• Exercise:
Reproduce the listing below from the line with "Andet, 5.11 Tactical" to the line with "Nike Air Force", both lines included, character for character, minus any pictures.

• Records for the exercise:
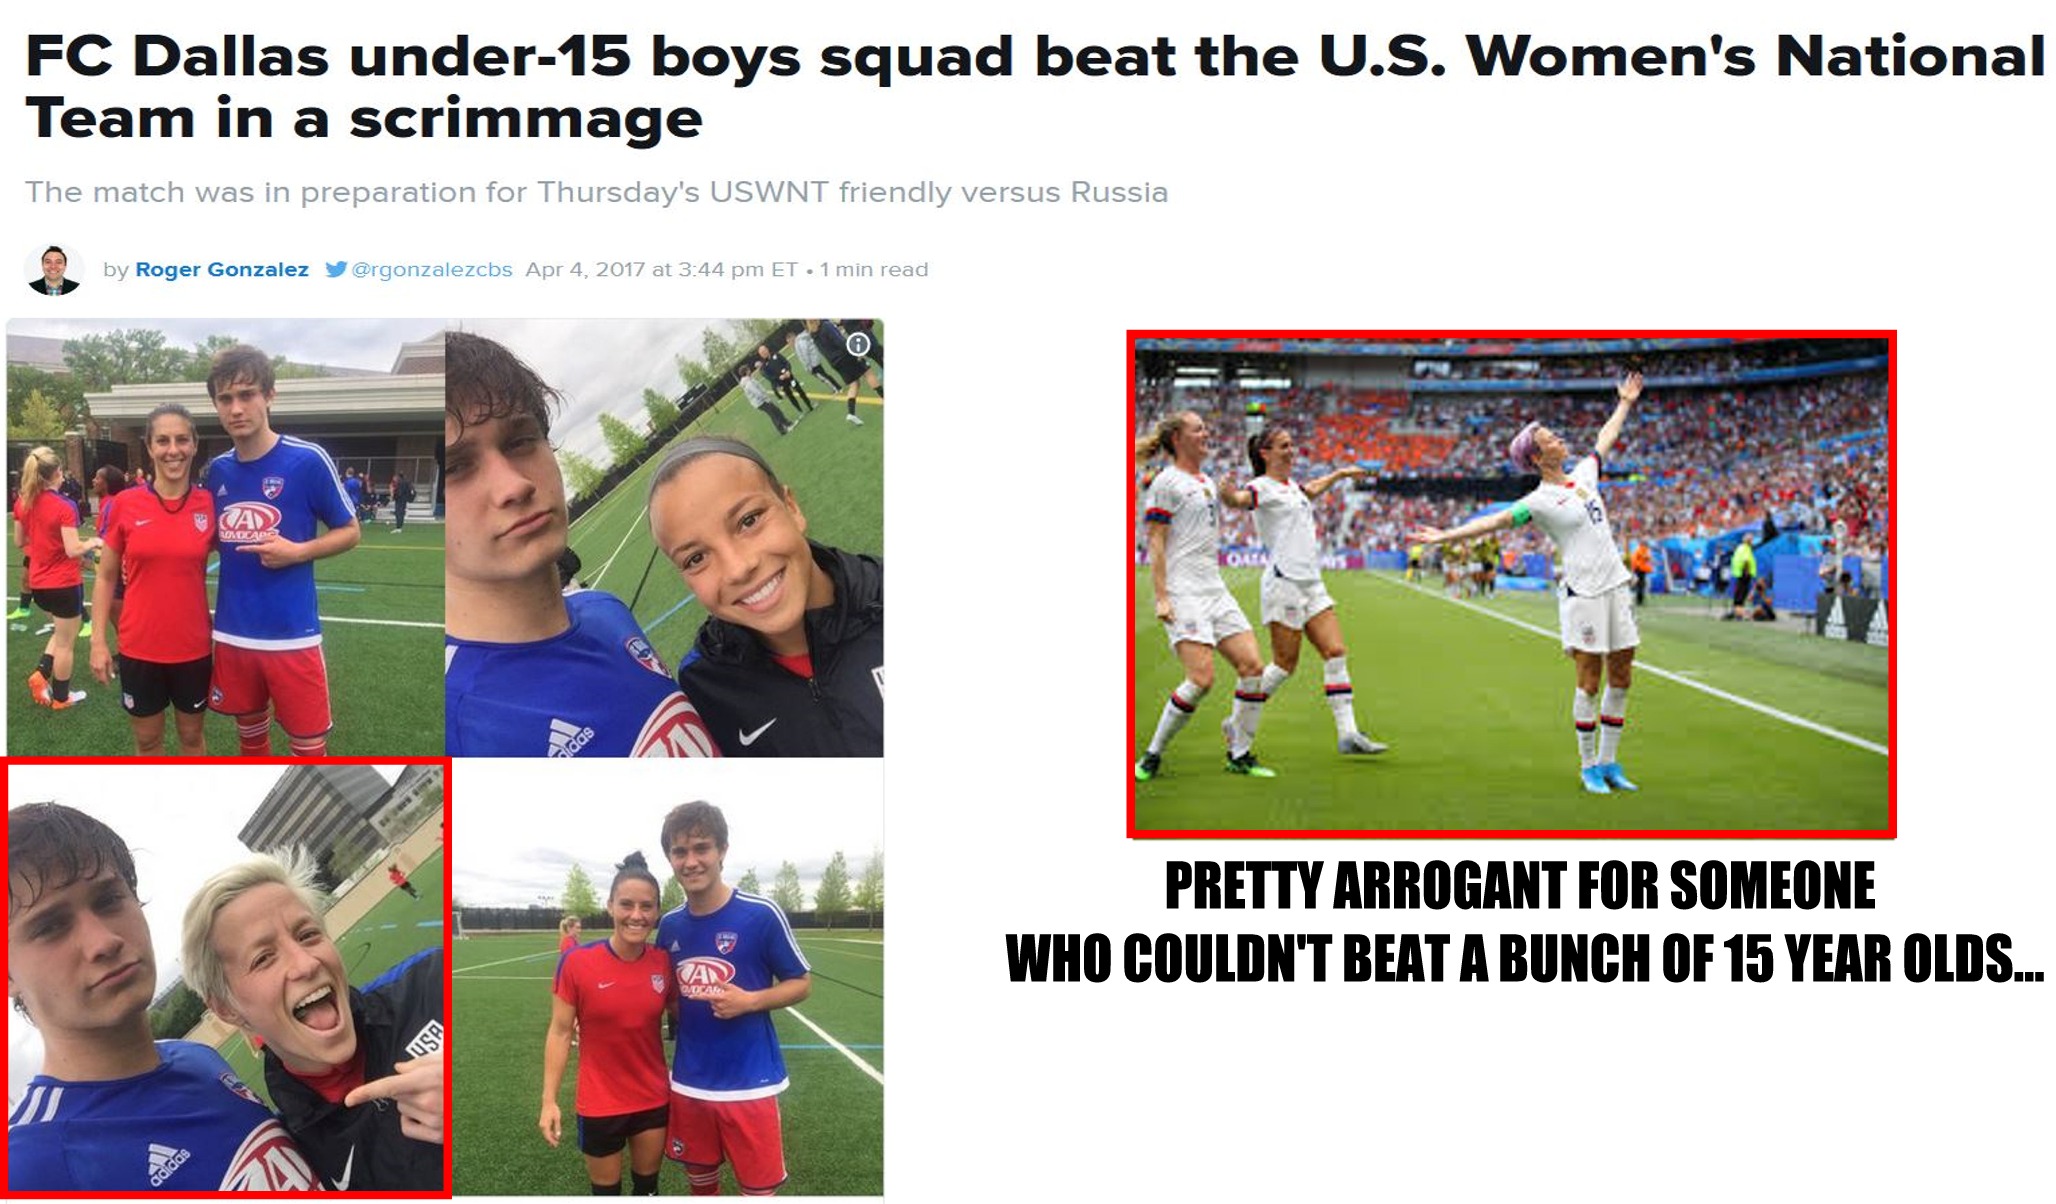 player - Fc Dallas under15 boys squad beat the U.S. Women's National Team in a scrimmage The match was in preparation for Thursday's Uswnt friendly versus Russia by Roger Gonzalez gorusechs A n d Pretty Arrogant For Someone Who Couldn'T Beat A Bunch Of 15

==

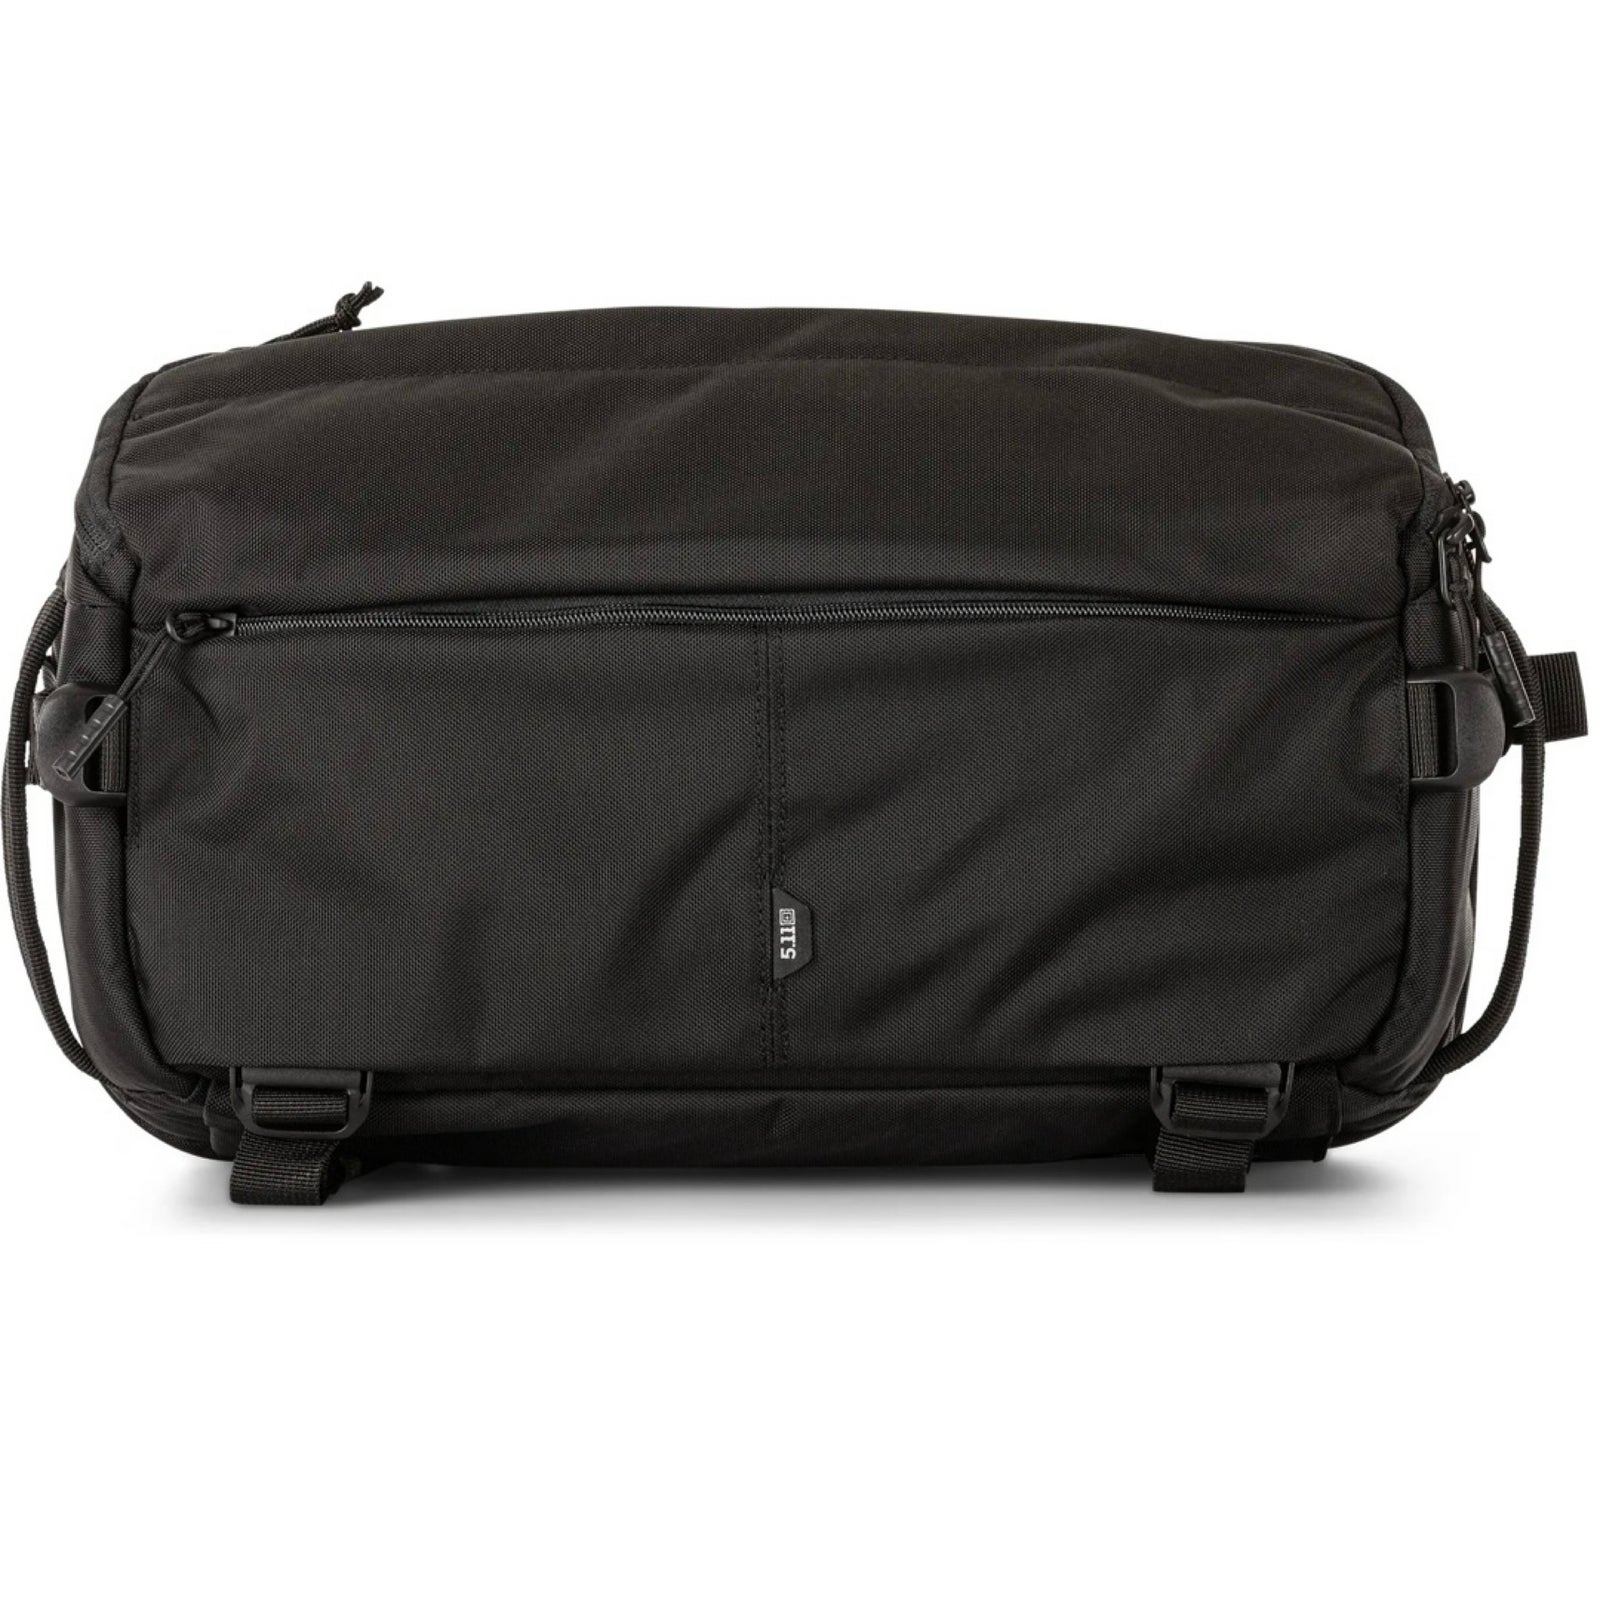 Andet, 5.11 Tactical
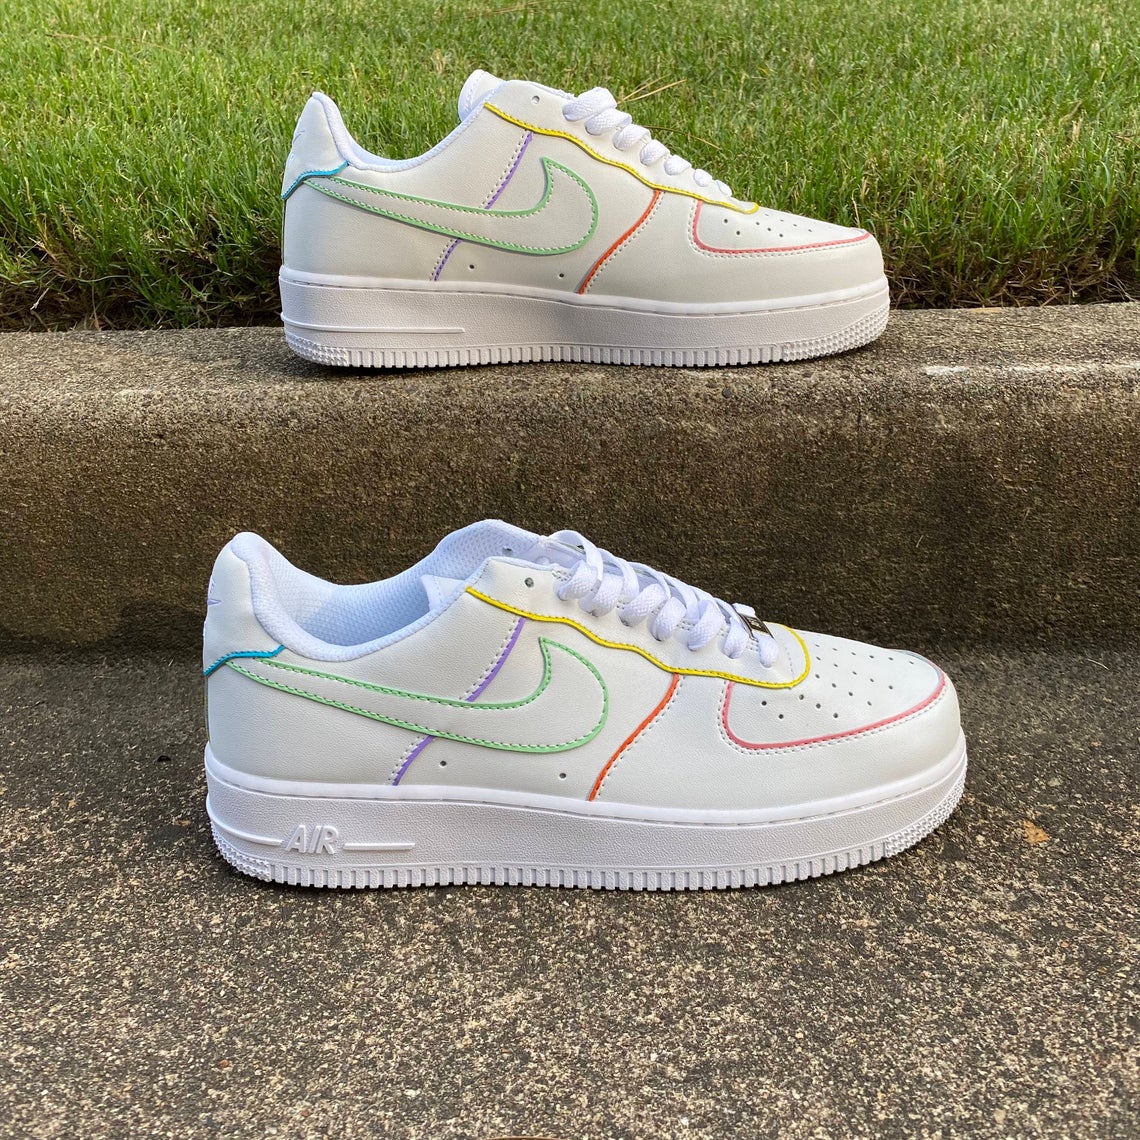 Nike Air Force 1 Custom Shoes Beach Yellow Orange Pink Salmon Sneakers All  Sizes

• Output of the task:
 Andet, 5.11 Tactical
 Nike Air Force 1 Custom Shoes Beach Yellow Orange Pink Salmon Sneakers All  Sizes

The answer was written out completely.